Oef. Wat een intimiderend eisenpakket. Zou het bovenstaande als contactadvertentie ingezet worden, in de jacht op de ware persoonlijk essayist, de lichtende geest die meer te bieden heeft dan een veestapel, een knuffelrock-cd of luisterbereidheid bij de open haard, dan zou de respons vrijwel nihil zijn, vrees ik. Want wie voldoet er aan al die opgeschroefde wensen? Het is typisch een mozaïekvormig signalement, opgesteld na lezing van persoonlijke essays die in de afgelopen vierhonderd jaar geschreven werden door onderling zeer verschillende karakters, van wie er waarschijnlijk geen een geheel voldeed aan bovenstaande vacatureomschrijving.

Ik houd het erop dat de persoonlijk essayist vooral een goede verhalenverteller moet zijn. Dat klinkt raar, omdat hij anders dan de romanschrijver iets vertelt en niet laat zien – tell, don’t show –, maar in het van de hak op de tak durven springen, vrijelijk willen associëren en daarna de onderwerpen toch klinkend samenbrengen, schuilt de overeenkomst in aandacht van essayist en verhalenverteller. Noem het: vertellend denken. Of: vertellend essayeren.
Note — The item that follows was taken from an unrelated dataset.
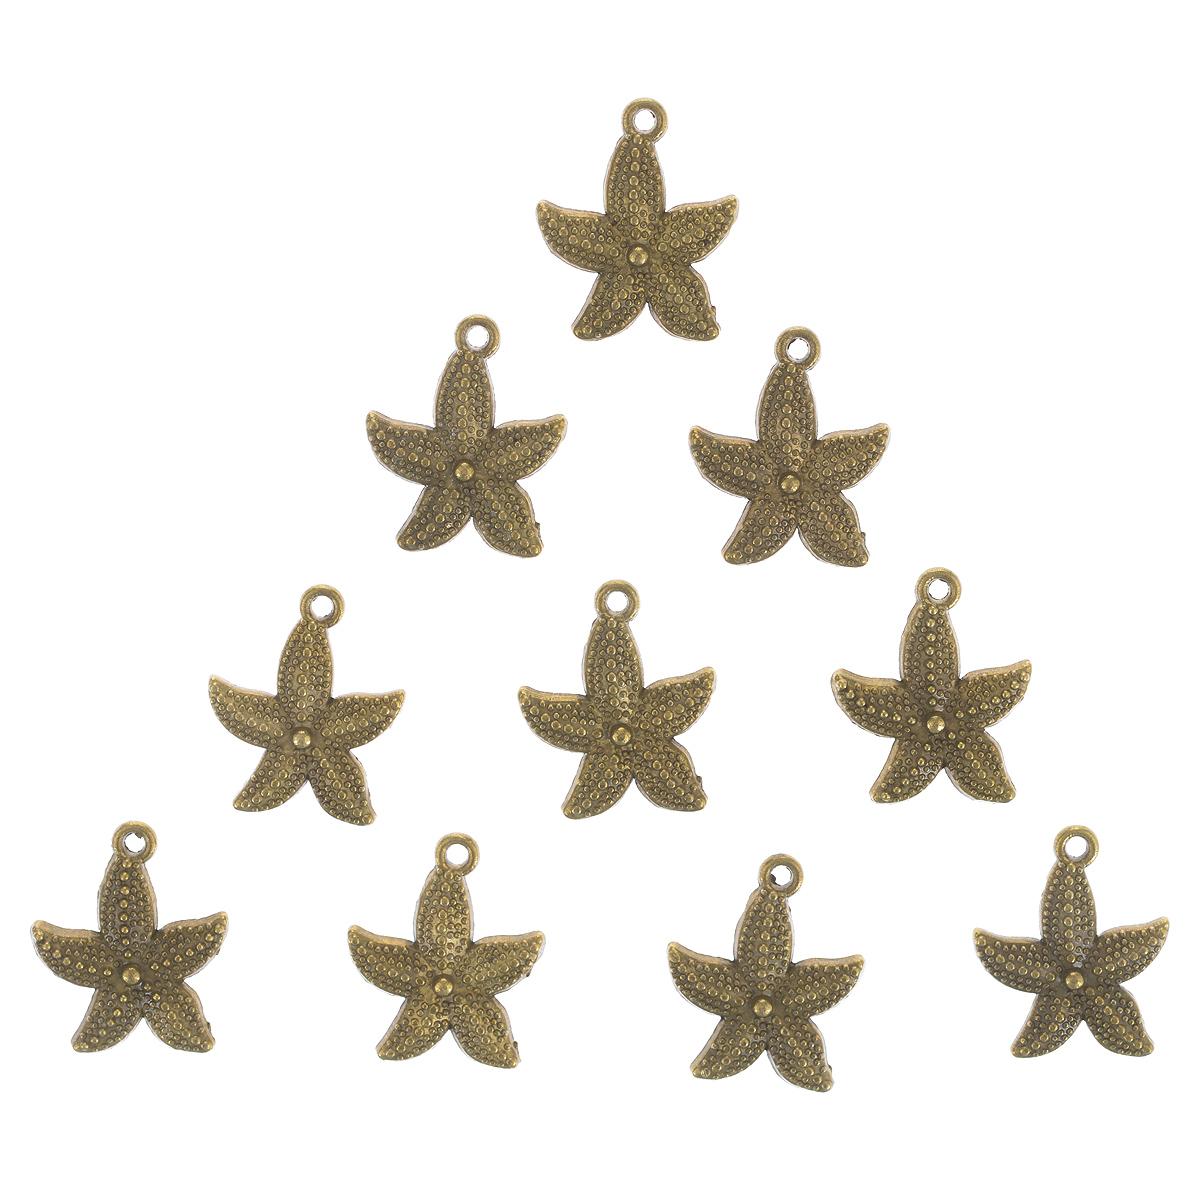 Набор подвесок ScrapBerrys Морская звездочка, цвет: золотистый, 19 мм х 23 мм, 10 штSCB25011507Набор ScrapBerrys Морская звездочка состоит из 10 декоративных подвесок, выполненных из металла. Изделия предназначены для создания бижутерии, их также можно использовать для украшения альбомов, открыток, рамок, скрап-страничек. Подвески ScrapBerrys помогут воплотить вашу творческую задумку и создать оригинальную неповторимую бижутерию.

Persoonlijke essayistiek is het meest menselijke type non-fictie, gemaakt met een ‘onmethodische methode’ (Walter Pater). Niets menselijks blijft dan ook achterwege in de onderwerpskeuze. De gehanteerde noemer pakt breder dan breed uit, ik las in die Amerikaanse state-of-the-art-bloemlezingen en -jaarboeken over veel belangwekkends: van de toestand in het uitvaartwezen, het multiculturalisme, het feminisme, muziekkritiek, de natuur, popcultuur, en wat niet al. Anything goes, als het maar persoonlijk en goed geschreven is. Zelf was ik in die Amerikaanse rijstebrijberg vooral gespitst op essays over literatuur. Zo staat mij nog een heel vilein essay bij waarin David Foster Wallace een literaire vadermoord pleegde op John Updike – beiden leefden toen nog. Prettig oneerbiedig is zijn gebruik daarin van hard statistical evidence: per onderwerp van Updike (bijvoorbeeld: seks) turft hij als een droogkloterige boekhouder het aantal pagina’s en berekent hij vervolgens het percentage in verhouding tot de rest van de roman. Dit om aan te tonen dat de oude meester zijn stokpaardjes blijft berijden en niet van deze tijd is.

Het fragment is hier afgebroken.